(Beginning of Dataset records)

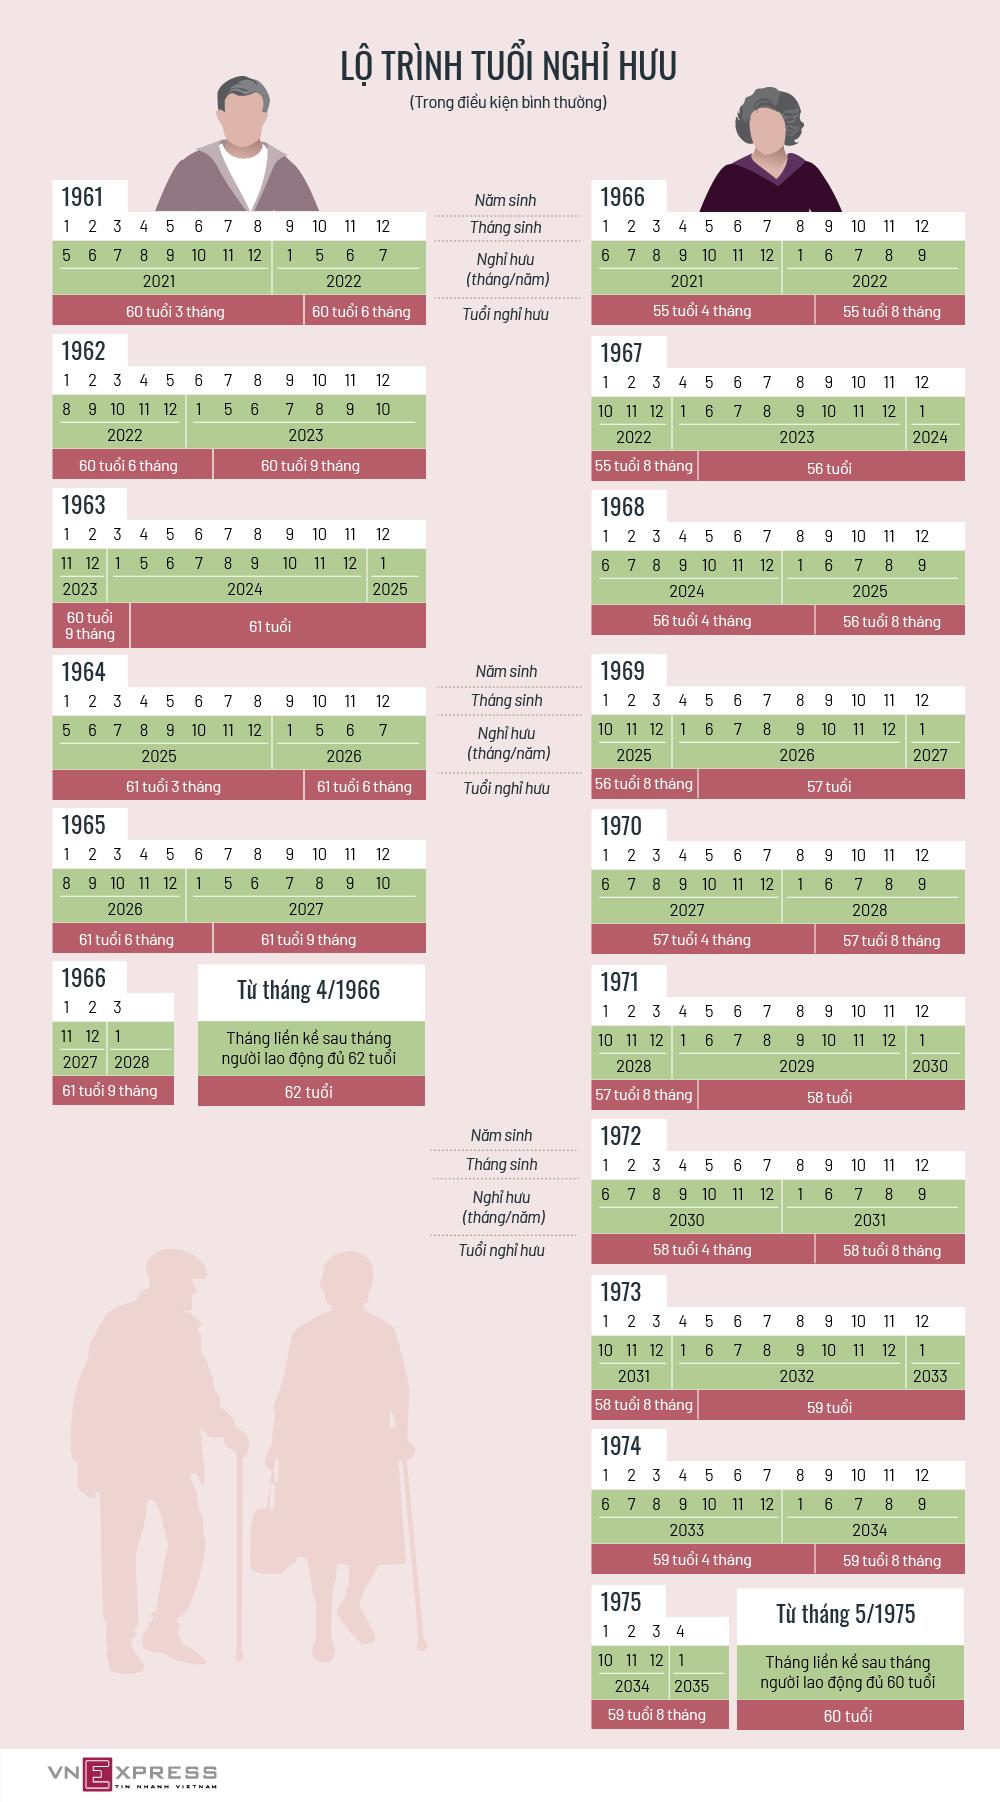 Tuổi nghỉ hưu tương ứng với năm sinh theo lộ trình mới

(End of Dataset records)
(Beginning of Dataset records)

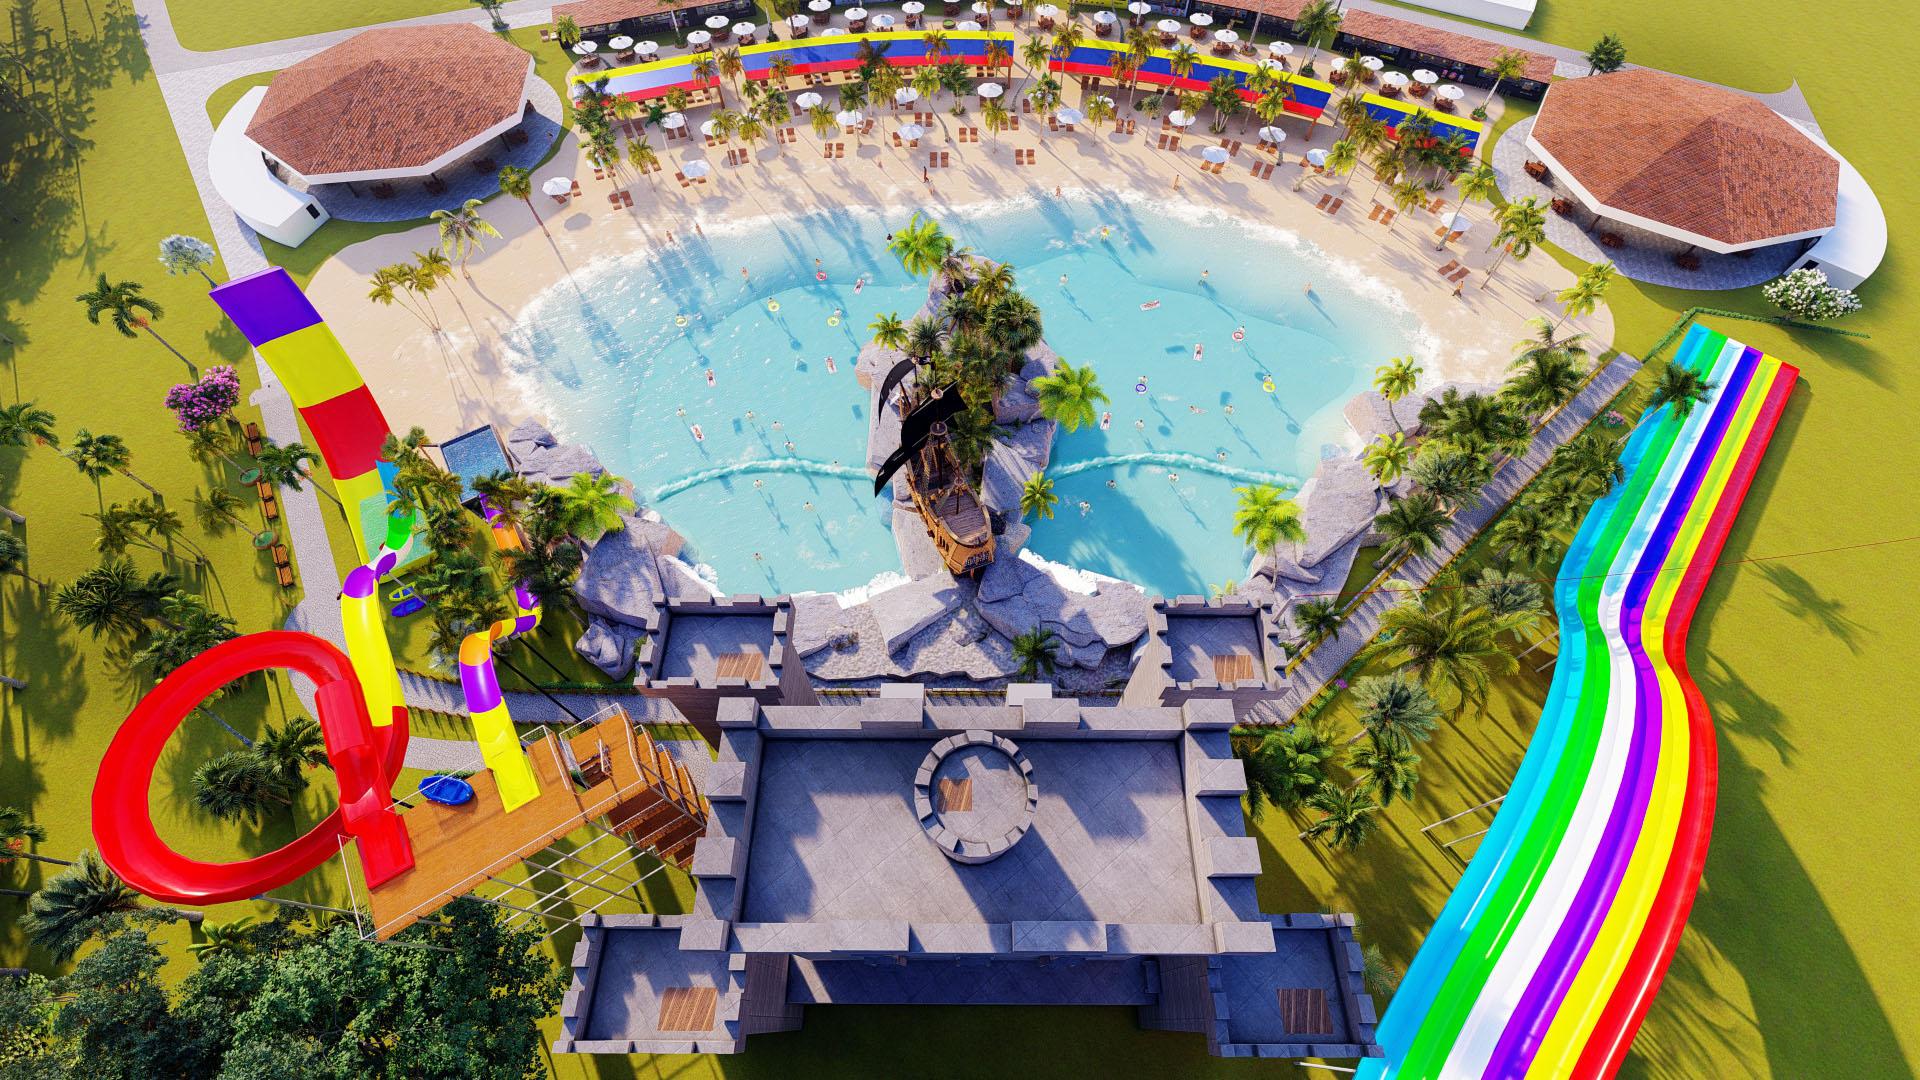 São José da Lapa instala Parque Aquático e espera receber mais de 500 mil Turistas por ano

(End of Dataset records)
(Beginning of Dataset records)

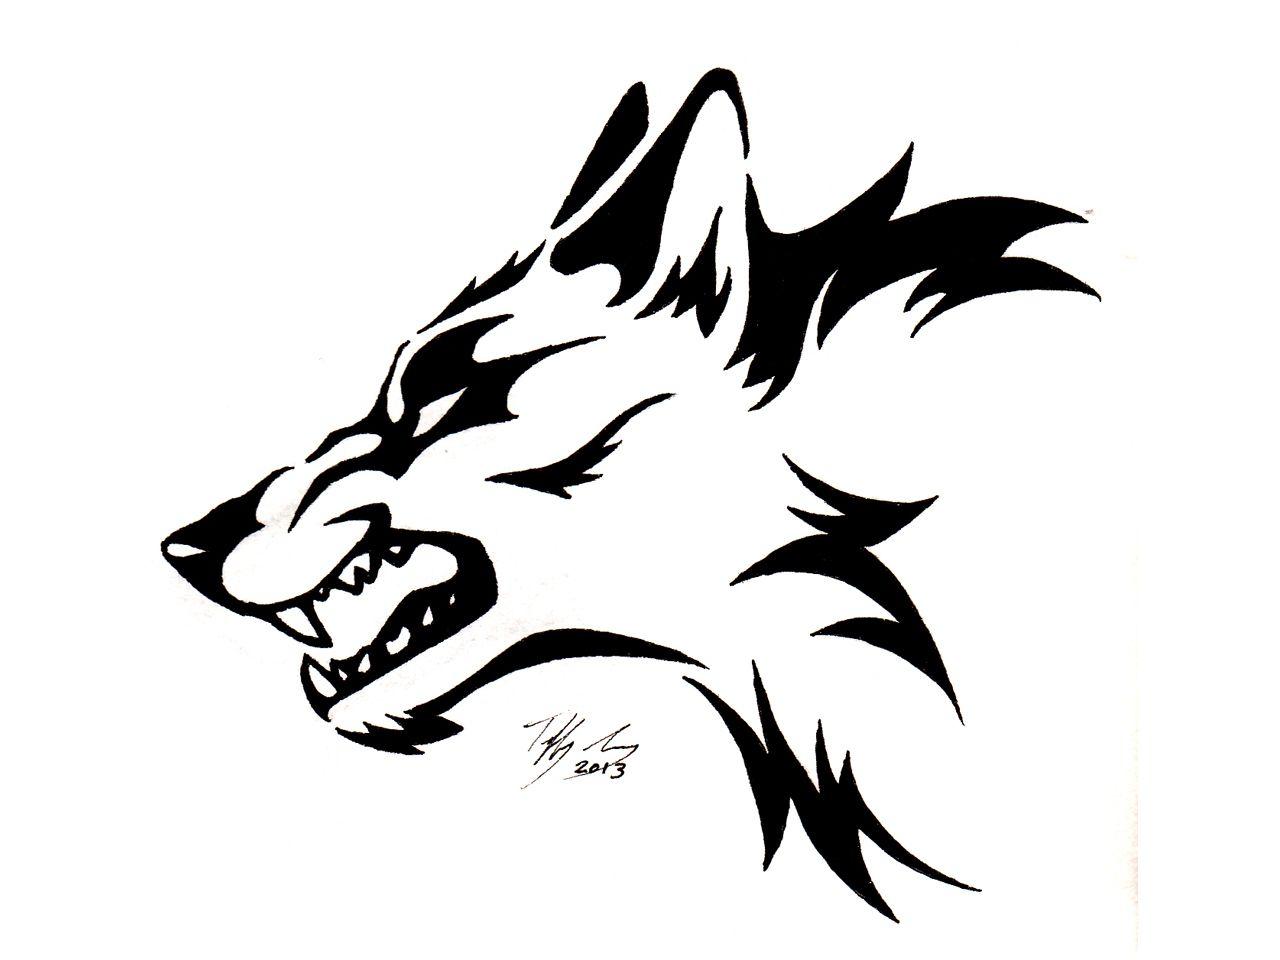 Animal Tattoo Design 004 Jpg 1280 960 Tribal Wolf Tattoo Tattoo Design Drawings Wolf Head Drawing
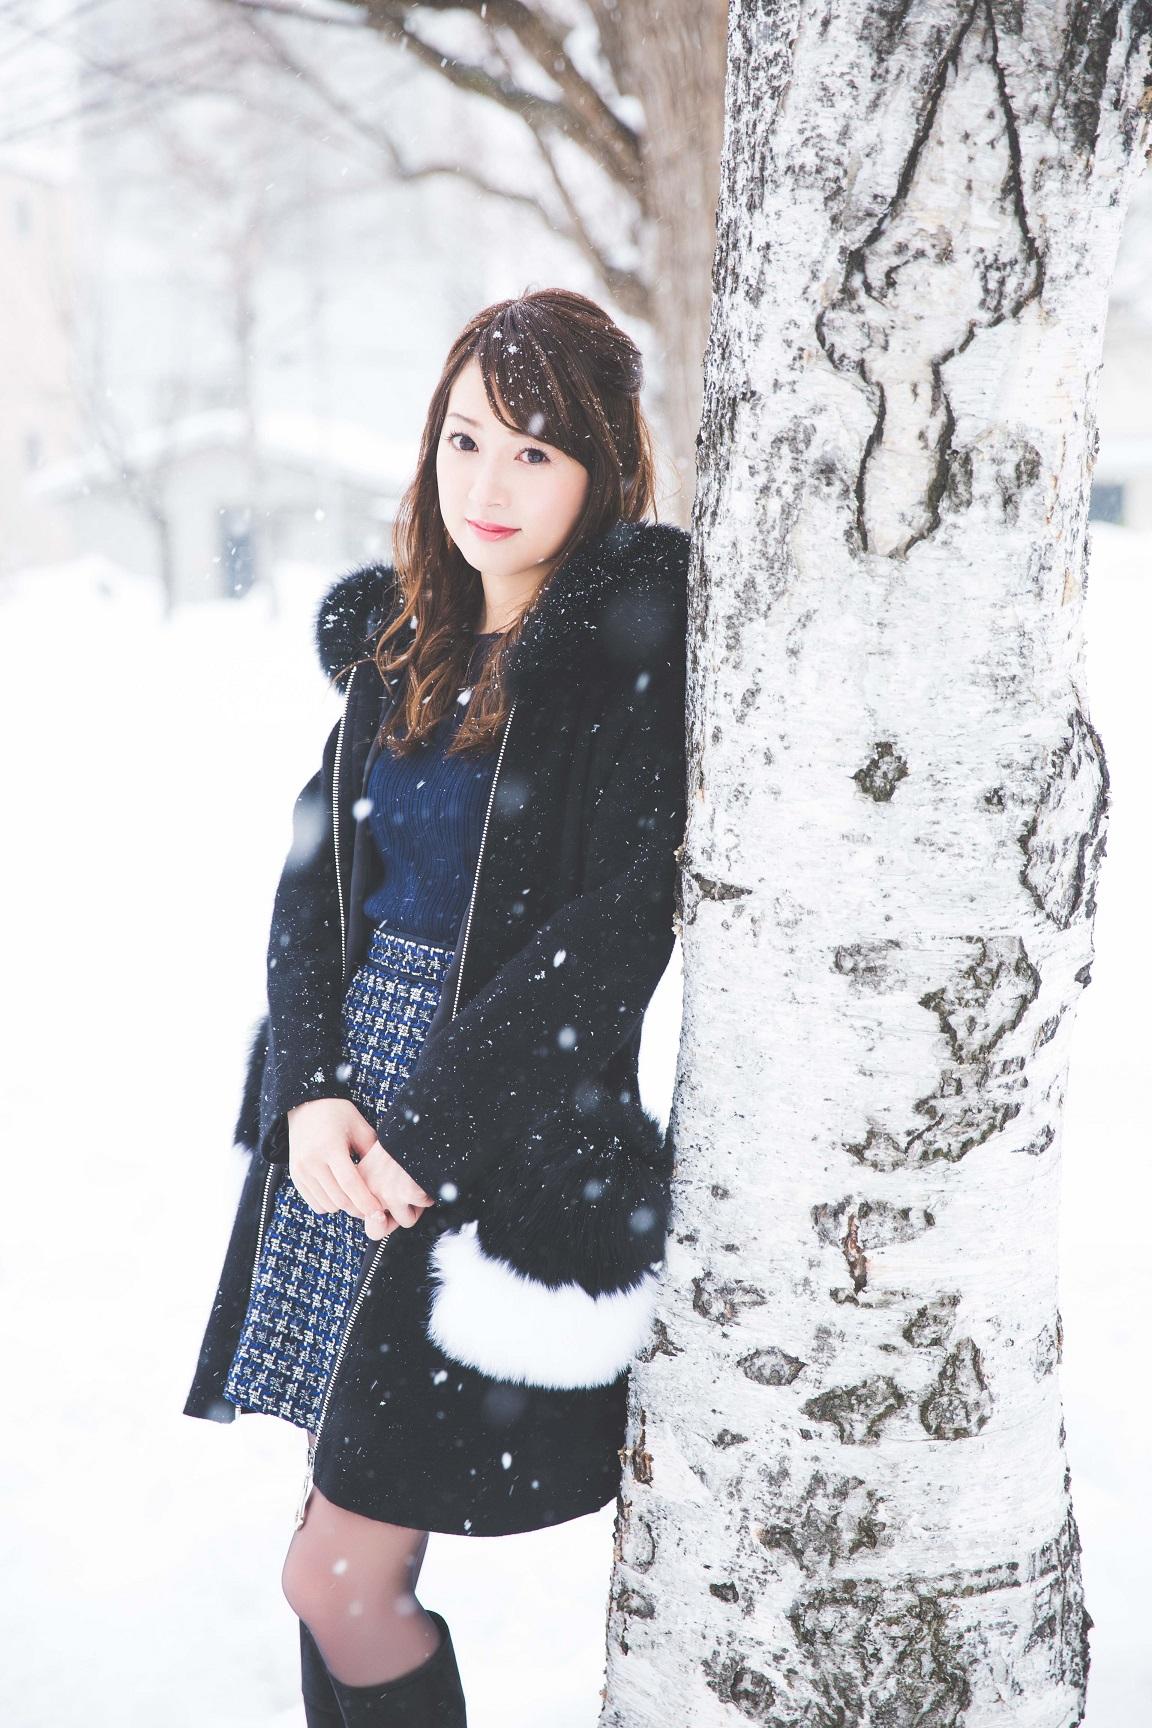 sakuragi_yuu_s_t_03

(End of Dataset records)

### Task item:
Look back over the records above. Reproduce exactly everything from the line with "Animal Tattoo Design" down to the line with "sakuragi_yuu_s_t_03", inclusive, and leave the pictures out.

### Response to the task:
 Animal Tattoo Design 004 Jpg 1280 960 Tribal Wolf Tattoo Tattoo Design Drawings Wolf Head Drawing
 sakuragi_yuu_s_t_03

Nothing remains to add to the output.